## WORK REQUEST
Leaving out all pictures, retype the records exactly.

## DATA

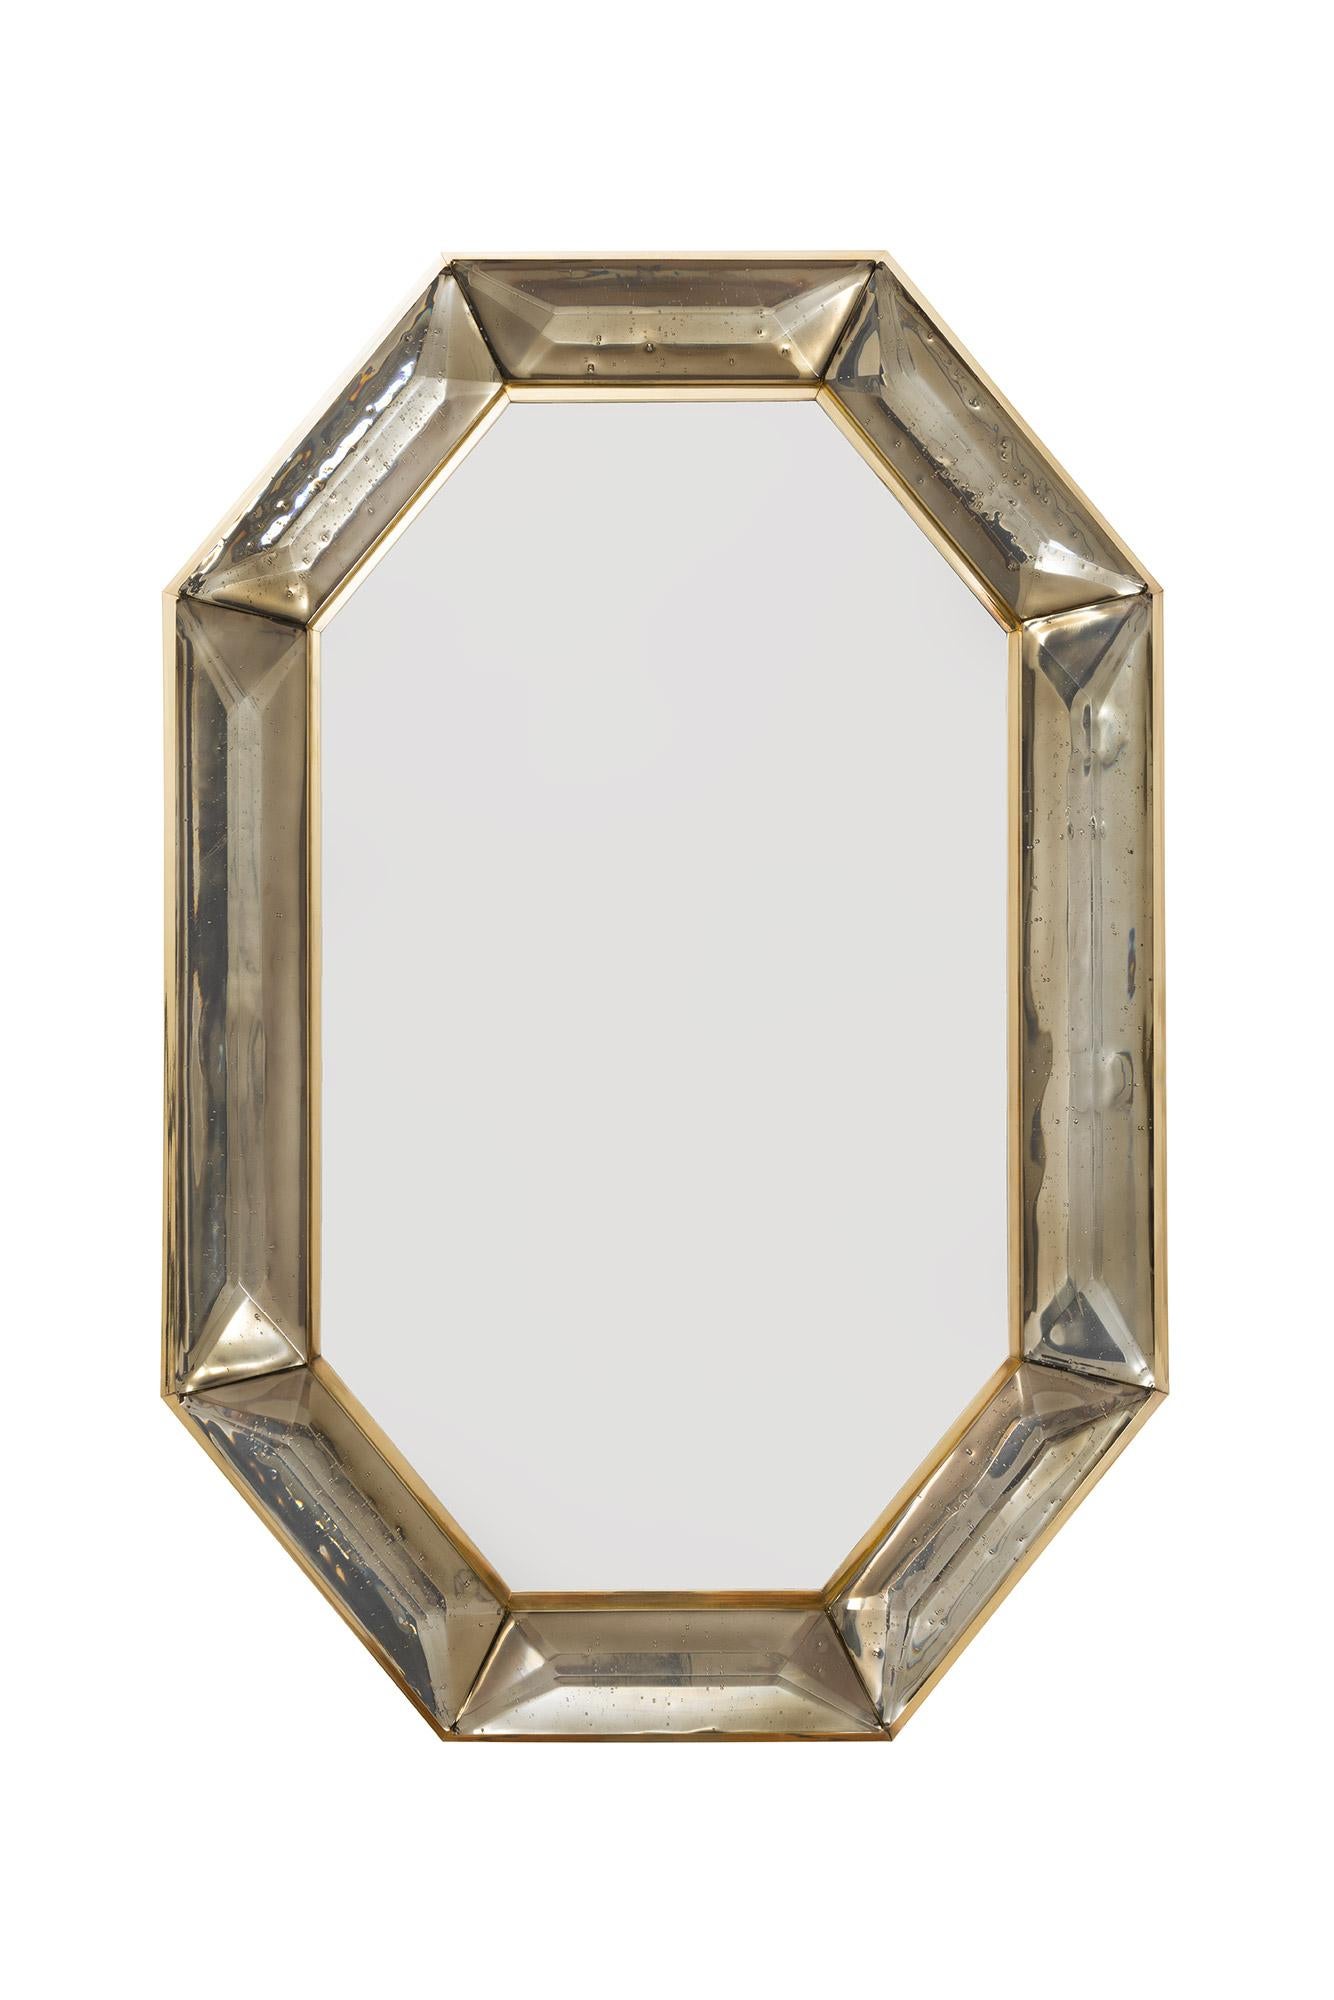 Achteckiger Spiegel aus geräuchertem Murano-Glas nach Maß, vorrätig
 Lebendiger und intensiver rauchfarbener oder bronzefarbener Glasstein mit natürlich vorkommenden Lufteinschlüssen 
 Hochglanzpoliertes Facettenmuster
 Messing-Galerie
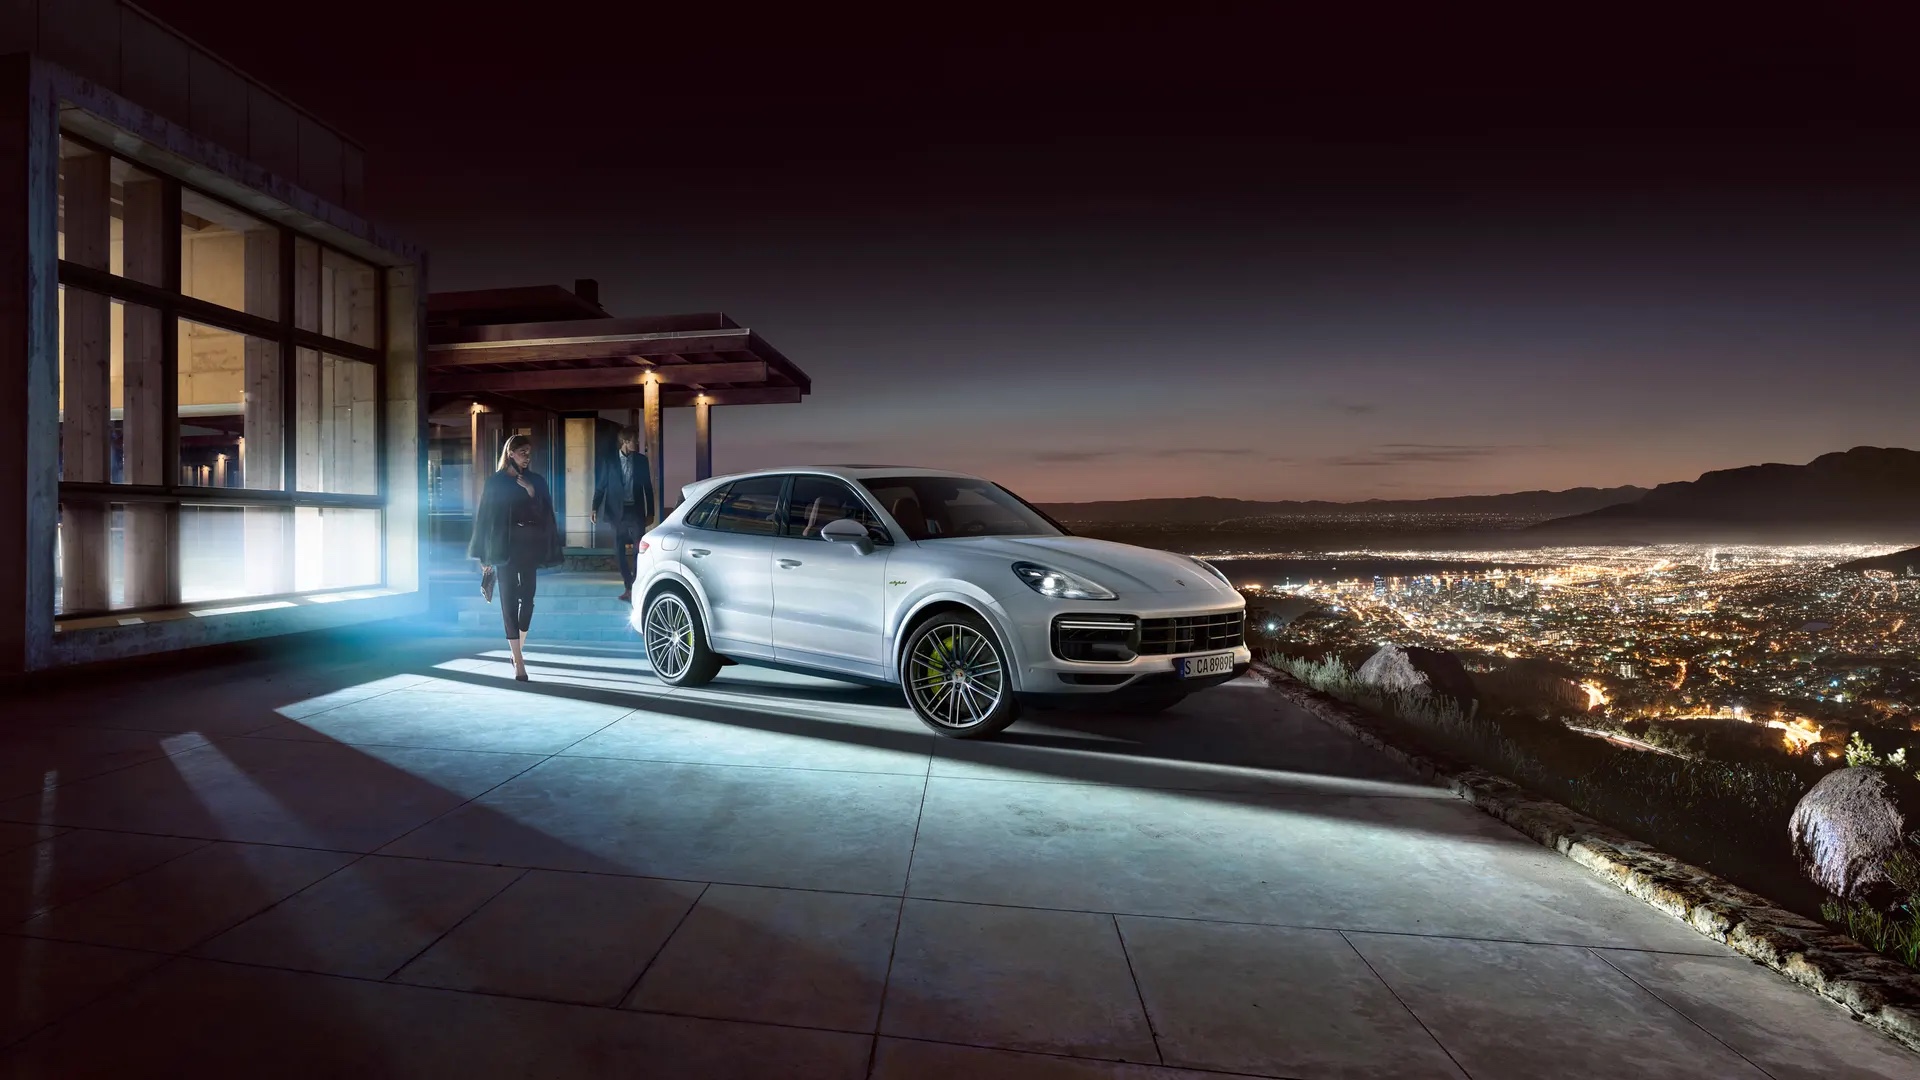 Porsche Cayenne vuoren päällä taustanaan valaistu kaupunki.
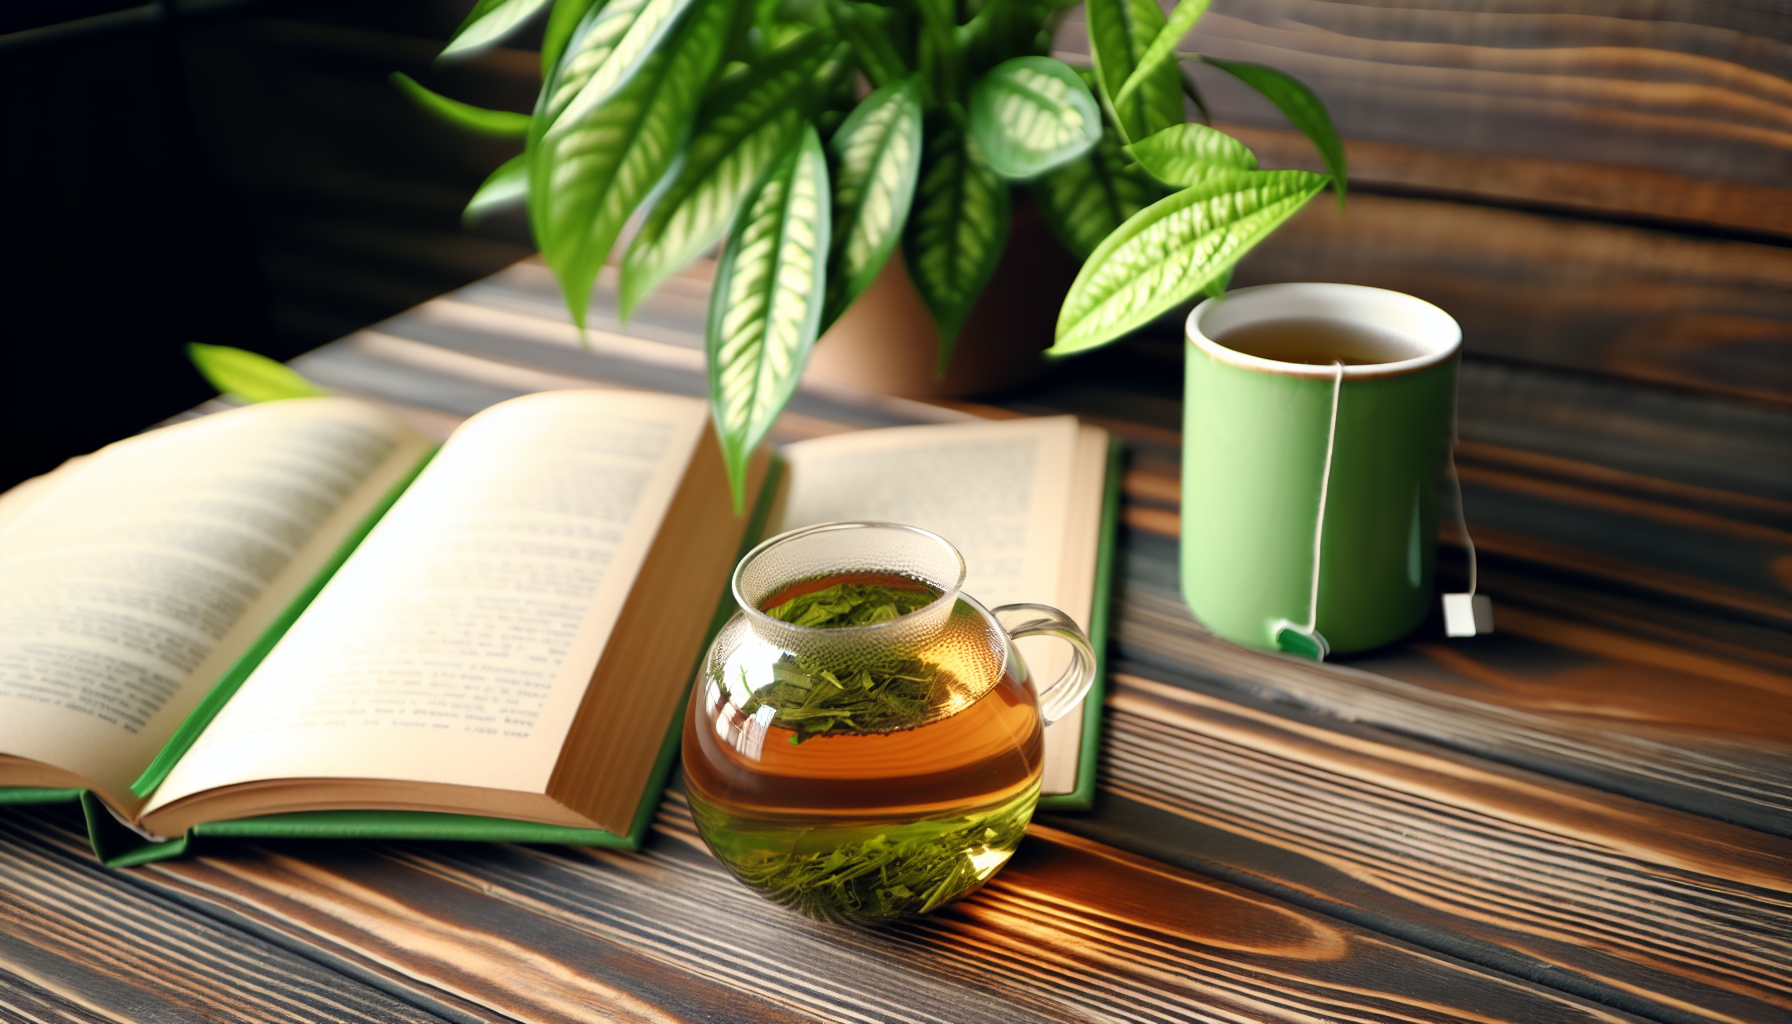 Taza de té verde con un libro y una planta, simbolizando relajación

## EXERCISE RESPONSE
 Achteckiger Spiegel aus geräuchertem Murano-Glas nach Maß, vorrätig
 Lebendiger und intensiver rauchfarbener oder bronzefarbener Glasstein mit natürlich vorkommenden Lufteinschlüssen 
 Hochglanzpoliertes Facettenmuster
 Messing-Galerie
 Porsche Cayenne vuoren päällä taustanaan valaistu kaupunki.
 Taza de té verde con un libro y una planta, simbolizando relajación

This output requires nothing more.